Records from a data collection
* * * * * * * * *

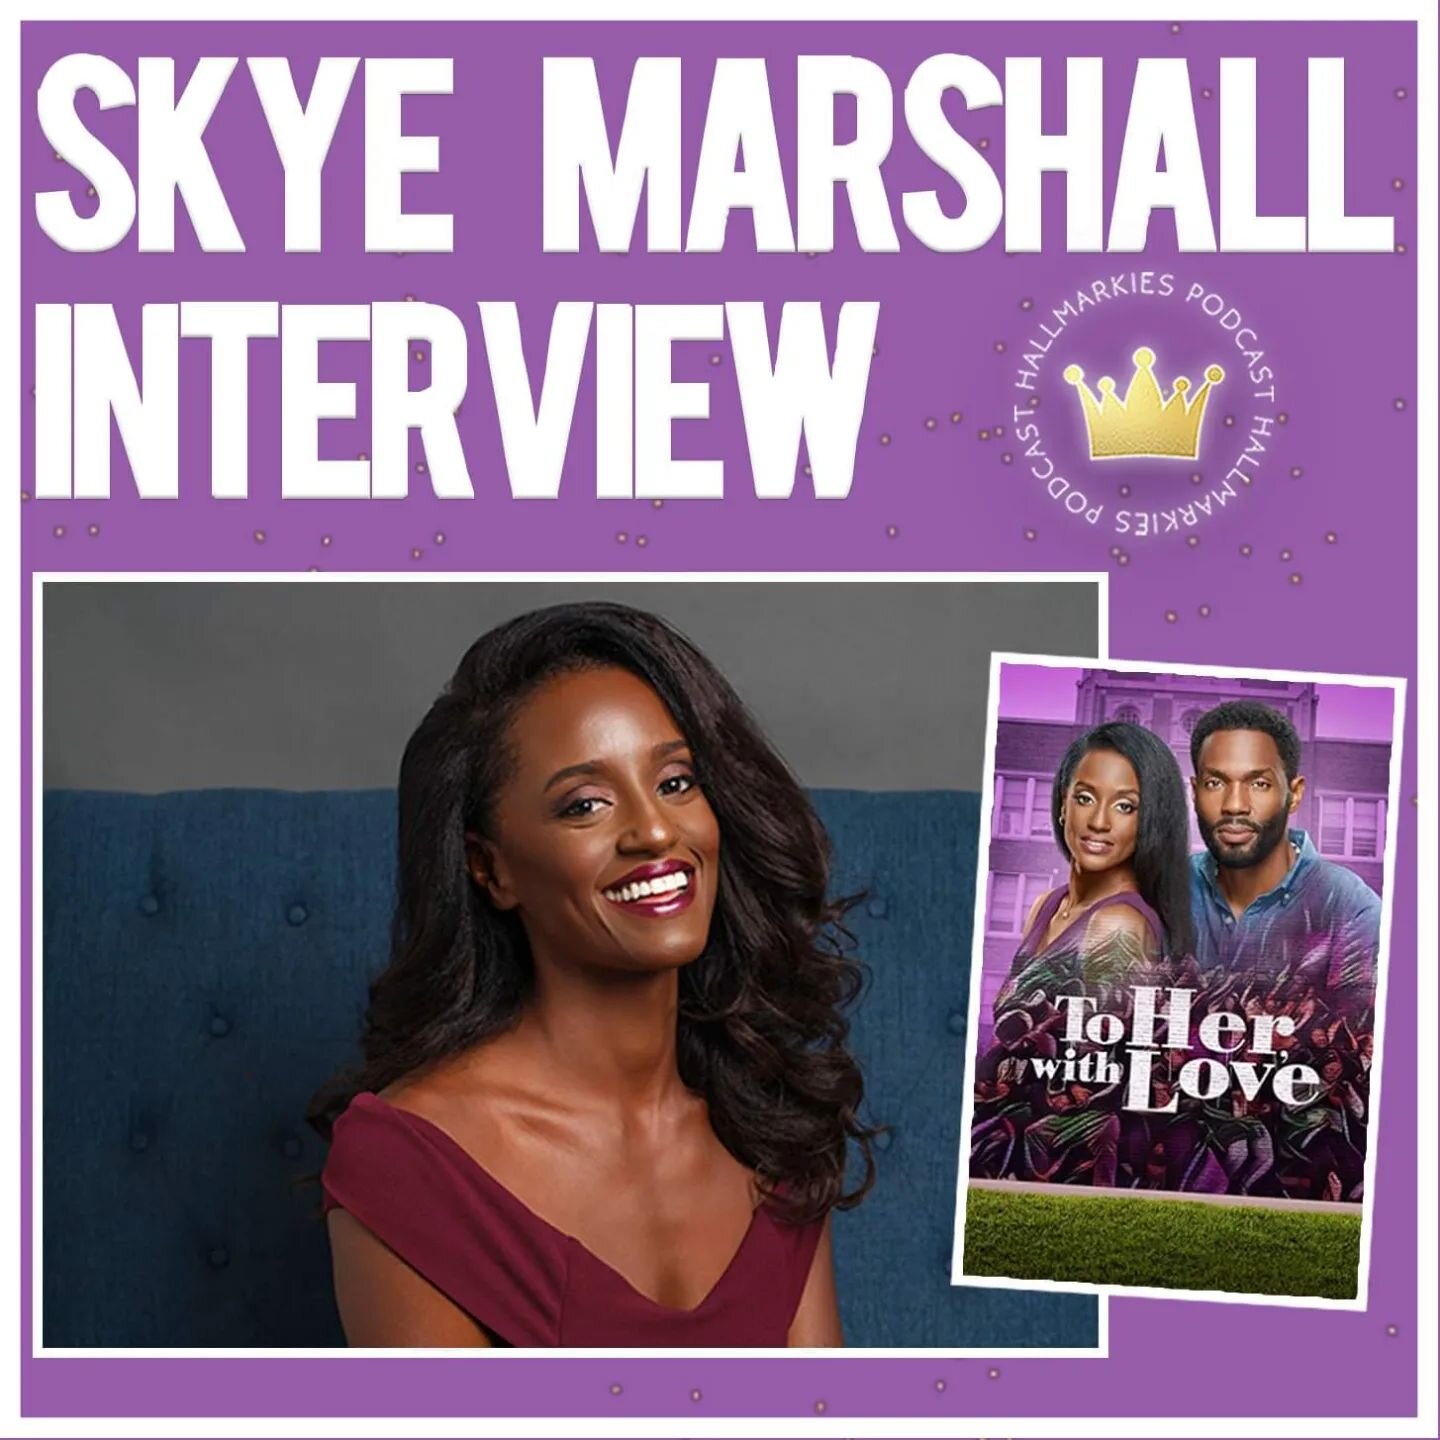 You all will love this interview! Skye Marshall Interview (To Her, With Love) 

Available wherever you listen to podcasts #toherwithlove #hallmarkies @bree.unabashedly
@skyepmarshall @rachels_reviews

Link in Bio 
YT: https://youtu.be/7iwiZoeZOSg
Aud

* * * * * * * * *

(The problem): With the pictures omitted, give every line above again exactly.

(Your response):
 You all will love this interview! Skye Marshall Interview (To Her, With Love) 

Available wherever you listen to podcasts #toherwithlove #hallmarkies @bree.unabashedly
@skyepmarshall @rachels_reviews

Link in Bio 
YT: https://youtu.be/7iwiZoeZOSg
Aud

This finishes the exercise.